[
https://issues.apache.org/jira/browse/KUDU-3217?page=com.atlassian.jira.plugin.system.issuetabpanels:comment-tabpanel&focusedCommentId=17249267#comment-17249267
]
ASF subversion and git services commented on KUDU-3217:
-------------------------------------------------------
Commit fcd737e6ccedd5a91367dc119e773f0b1904b4fa in kudu's branch
refs/heads/master from Alexey Serbin
[ https://gitbox.apache.org/repos/asf?p=kudu.git;h=fcd737e ]
[rpc] add slow timing logging for WrapSaslCall
In the context of KUDU-3217, this patch adds logging on slow SASL calls.
The reason for setting threshold of 250ms is that 250ms is more than
enough for a local call, and it should be long enough for a call to
a robust KDC in the local network.
Change-Id: I3f8cff71c35a4aab0307456b1dc4270520966ece
Reviewed-on: http://gerrit.cloudera.org:8080/16868
Reviewed-by: Grant Henke <[email protected]>
Reviewed-by: Bankim Bhavsar <[email protected]>
Tested-by: Kudu Jenkins
> Limit the amount of time spent by SASL method run by WrapSaslCall
> -----------------------------------------------------------------
>
> Key: KUDU-3217
> URL: https://issues.apache.org/jira/browse/KUDU-3217
> Project: Kudu
> Issue Type: Improvement
> Components: master, security, tserver
> Reporter: Alexey Serbin
> Priority: Major
>
> There were reports on connection negotiation issues in a secure Kudu cluster:
> Kudu clients (e.g., {{kudu cluster ksck}} tool) would fail to establish a
> connection to a tablet server or master. The issue happened rather rarely,
> but in a busy cluster that was a major nuisance because the target server
> would not accept any new connections for a very long time, and usually the
> solution was to restart the server ({{kudu-tserver}} or {{kudu-master}}
> correspondingly).
> The stack traces collected from the diagnostic files pointed to a situation
> where one negotiation thread acquired the mutex in {{WrapSaslCall()}} in read
> mode and stuck for a long time (several minutes), while the Kerberos creds
> renewal thread was waiting on the lock to be acquired in write mode.
> Consequently, all other connection negotiation threads were blocked on the
> same mutex after that since the mutex is of
> {{RWMutex::Priority::PREFER_WRITING}} priority.
> The stacks of the related threads looked like the following:
> {noformat}
> tids=[380992]
> 0x7f060e1e45e0 <unknown>
> 0x7f060c4afa3d __GI___poll
> 0x7f0605813ffa <unknown>
> 0x7f06058147b5 <unknown>
> 0x7f0605814b07 sss_pac_make_request
> 0x7f0605813dab <unknown>
> 0x7f060df31deb <unknown>
> 0x7f060df53661 <unknown>
> 0x7f060df5407a krb5_rd_req_decoded
> 0x7f060d3d190c <unknown>
> 0x7f060d3d2dea <unknown>
> 0x7f060d3d2f49 <unknown>
> 0x7f060d3c0606 gss_accept_sec_context
> 0x7f060765c04c <unknown>
> 0x7f060d610b9b sasl_server_step
> 0x7f060d611109 sasl_server_start
> tids=[170406,168067,167927,170163,168917,169251]
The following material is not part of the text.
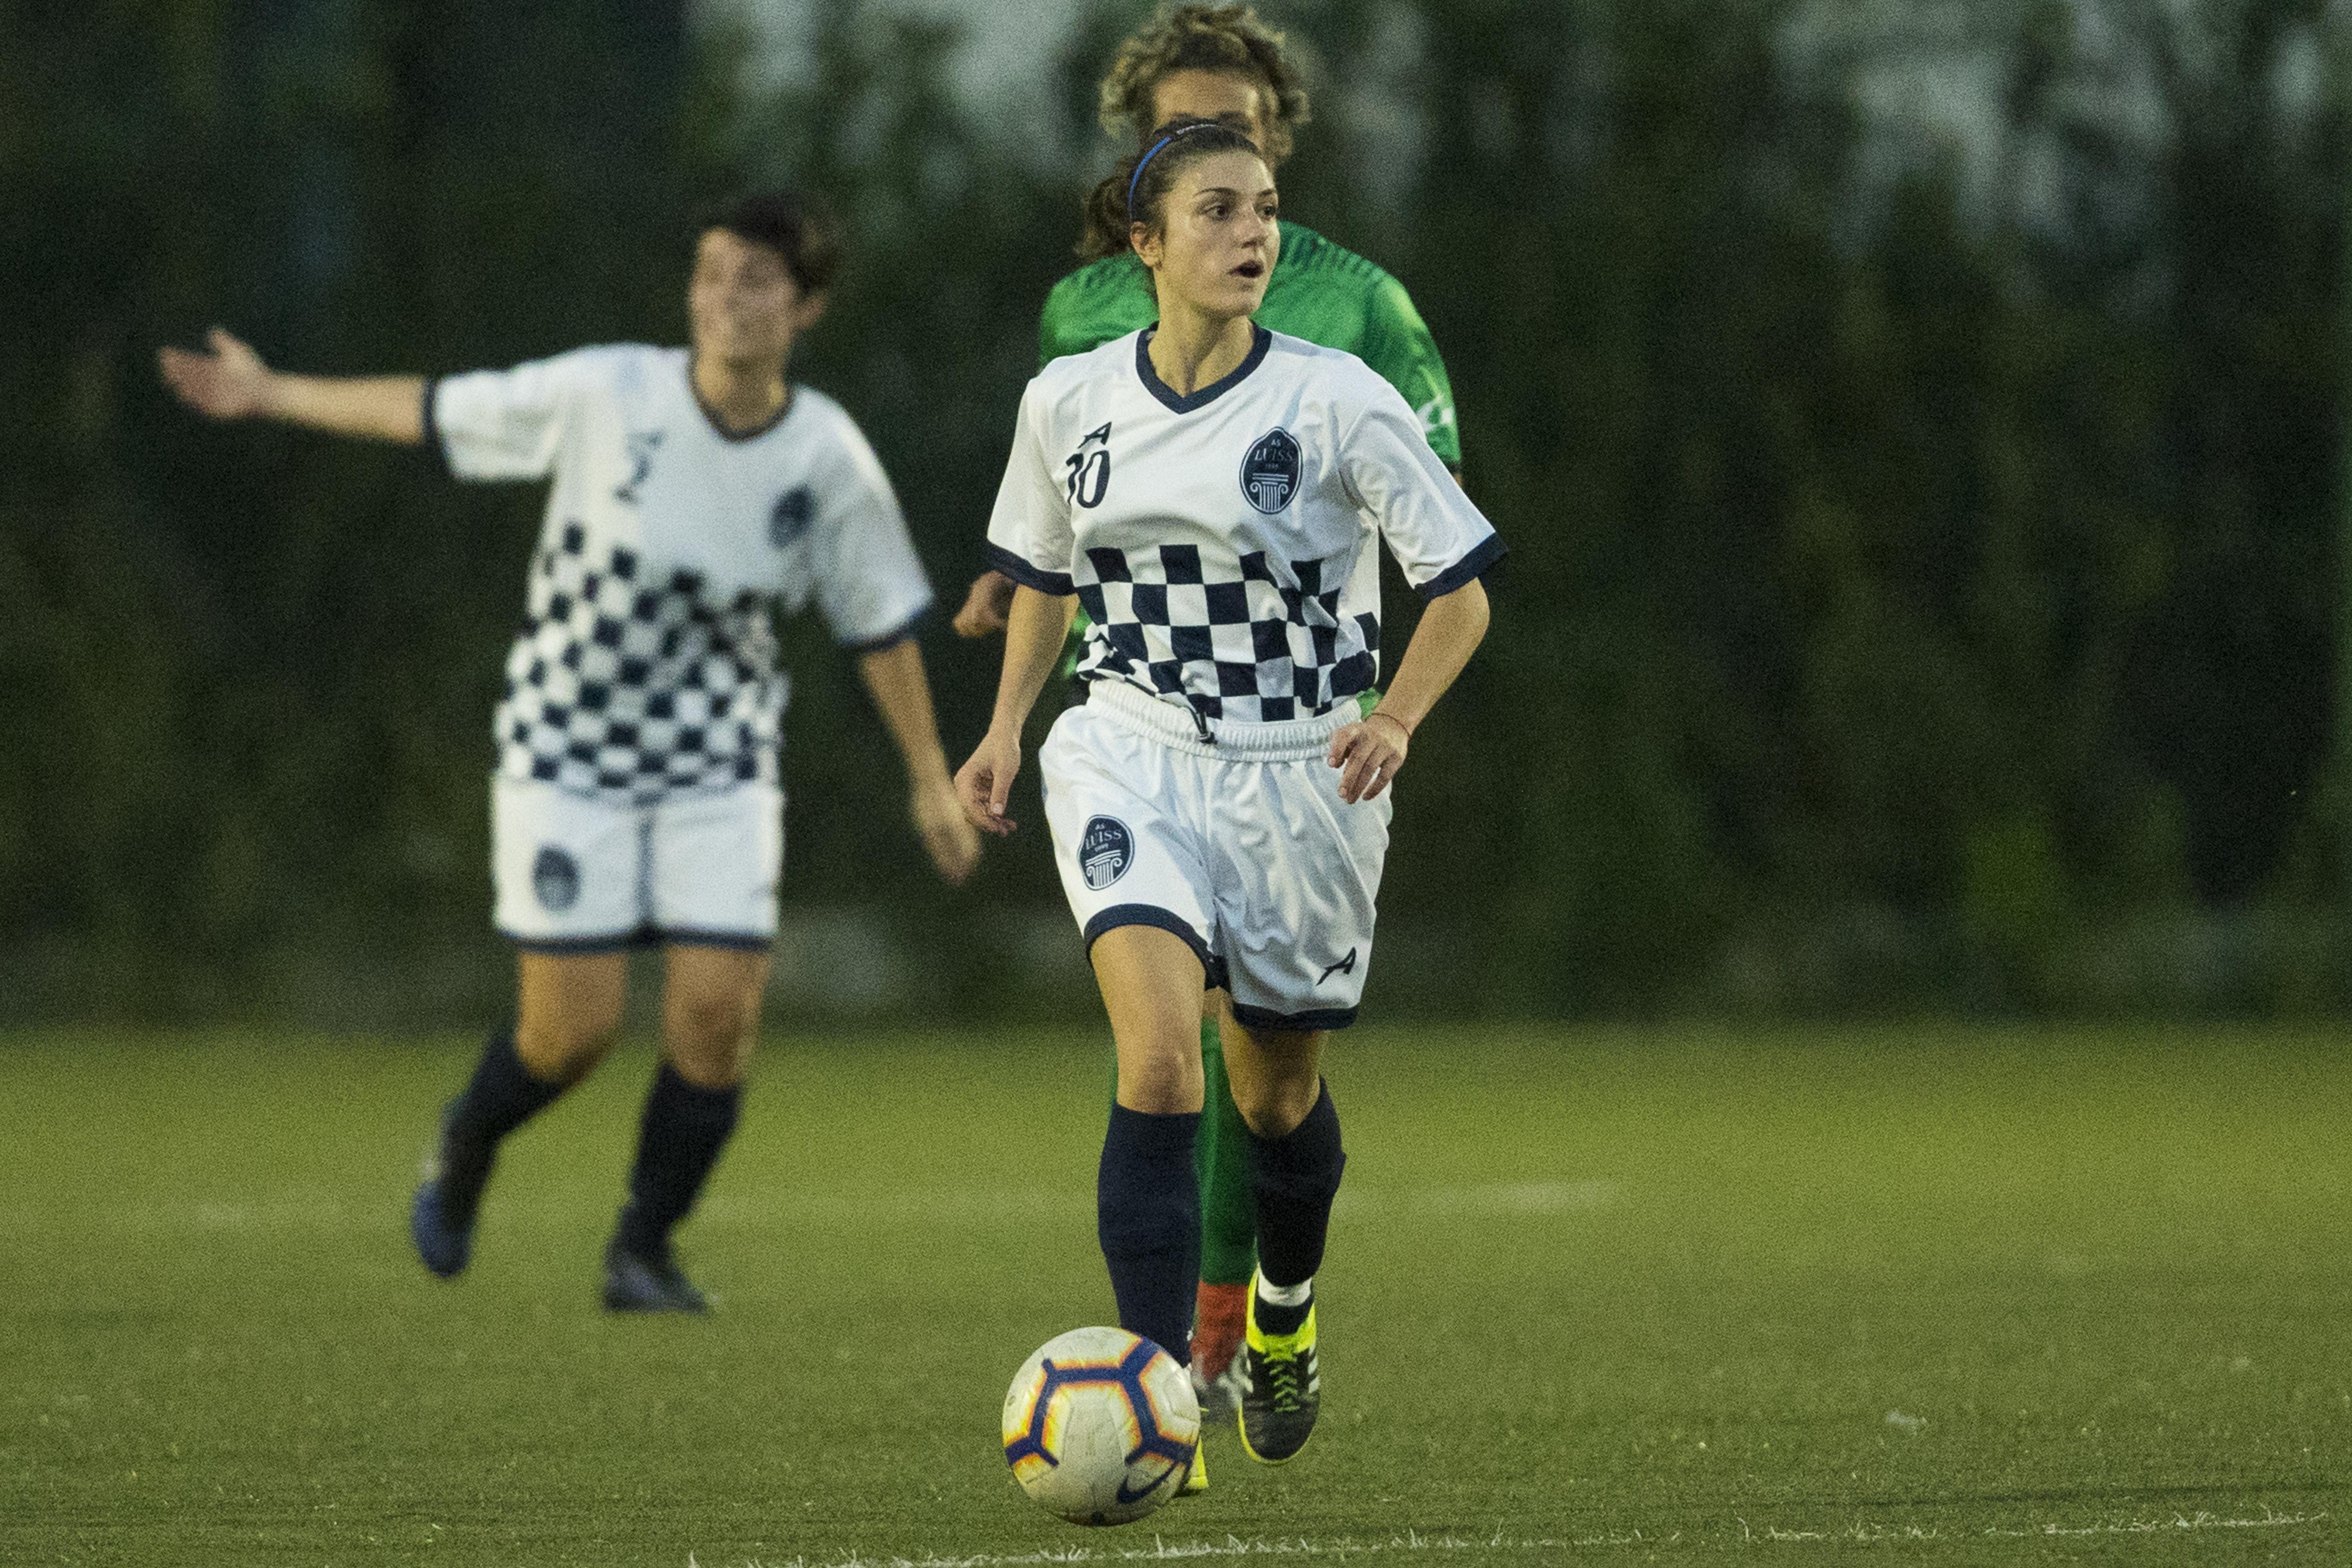 Calcio a 11 Femminile
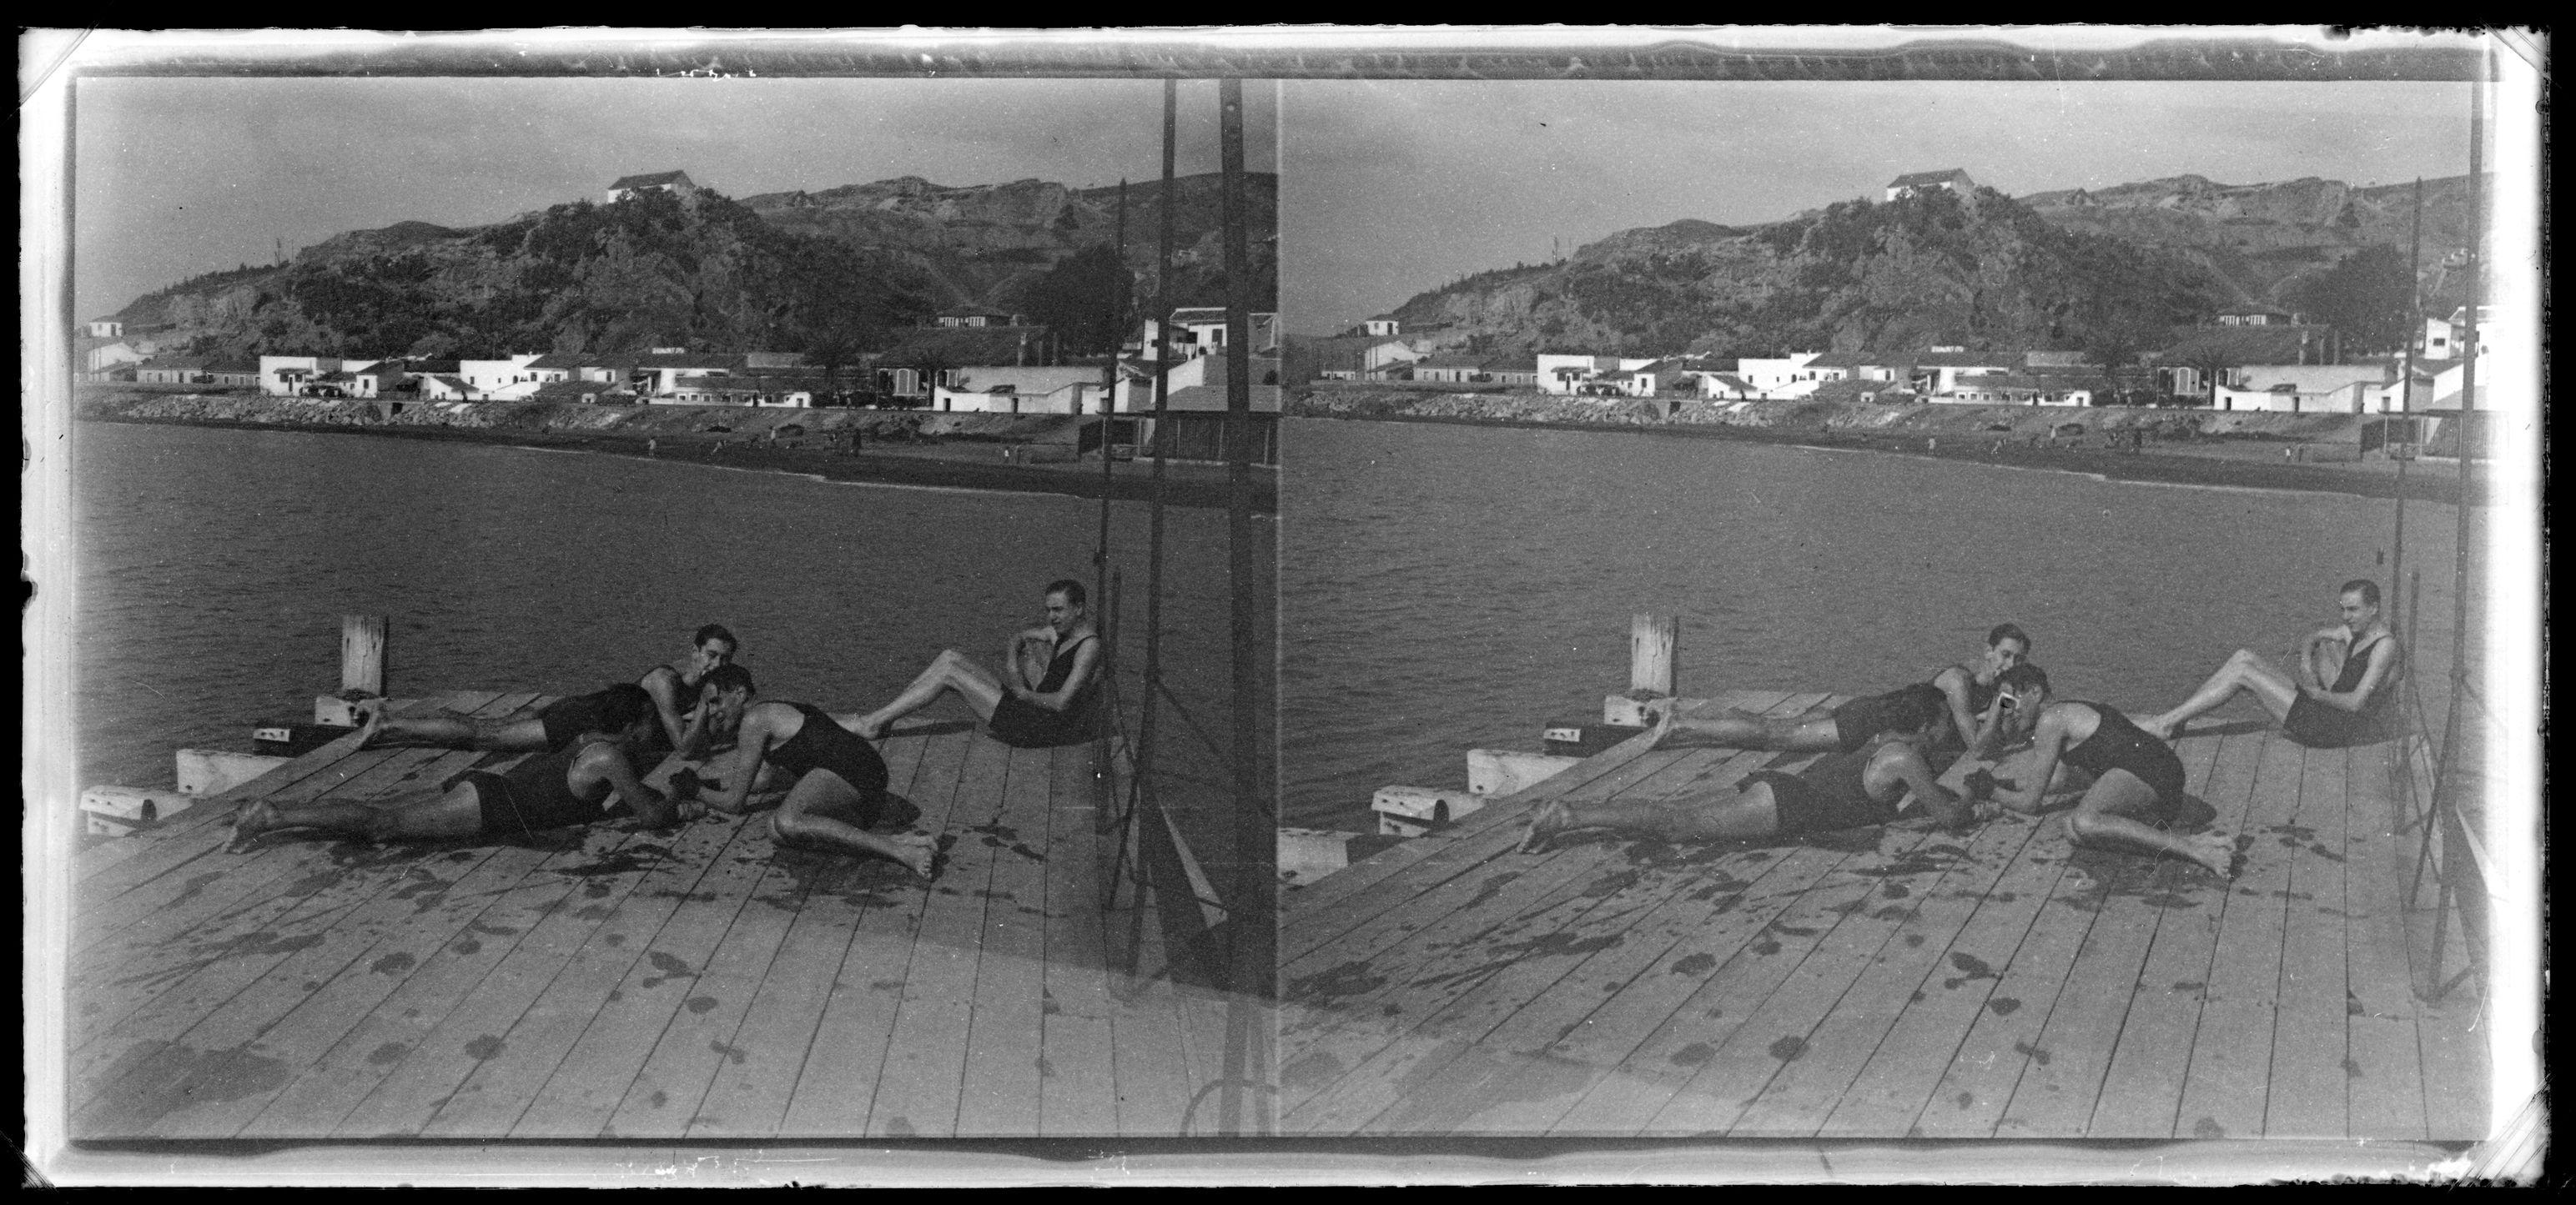 Fotografías Personales: Grupo de amigos en la playa. Málaga. Negativo estereoscópico de gelatino-bromuro sobre placa de vidrio, 6x13 cm. http://aleph.csic.es/F?func=find-c&ccl_term=SYS%3D000067893&local_base=ARCHIVOS

> 0x7f060e1e45e0 <unknown>
> 0x7f060e1e0092 __GI___pthread_rwlock_rdlock
> 0x1d09883 kudu::rpc::WrapSaslCall()
> 0x1d0bd21 kudu::rpc::ServerNegotiation::InitSaslServer()
> 0x1d112f7 kudu::rpc::ServerNegotiation::AuthenticateBySasl()
> 0x1d13096 kudu::rpc::ServerNegotiation::Negotiate()
> 0x1d2420c kudu::rpc::Negotiation::RunNegotiation()
> 0x1cfa905 kudu::internal::Invoker<>::Run()
> 0x1e9234f kudu::ThreadPool::DispatchThread()
> 0x1e88014 kudu::Thread::SuperviseThread()
> 0x7f060e1dce25 start_thread
> 0x7f060c4ba34d __clone
> tids=[380520]
> 0x7f060e1e45e0 <unknown>
> 0x7f060e1e02ac __GI___pthread_rwlock_wrlock
> 0x1d3b737 kudu::security::(anonymous namespace)::RenewThread()
> 0x1e88014 kudu::Thread::SuperviseThread()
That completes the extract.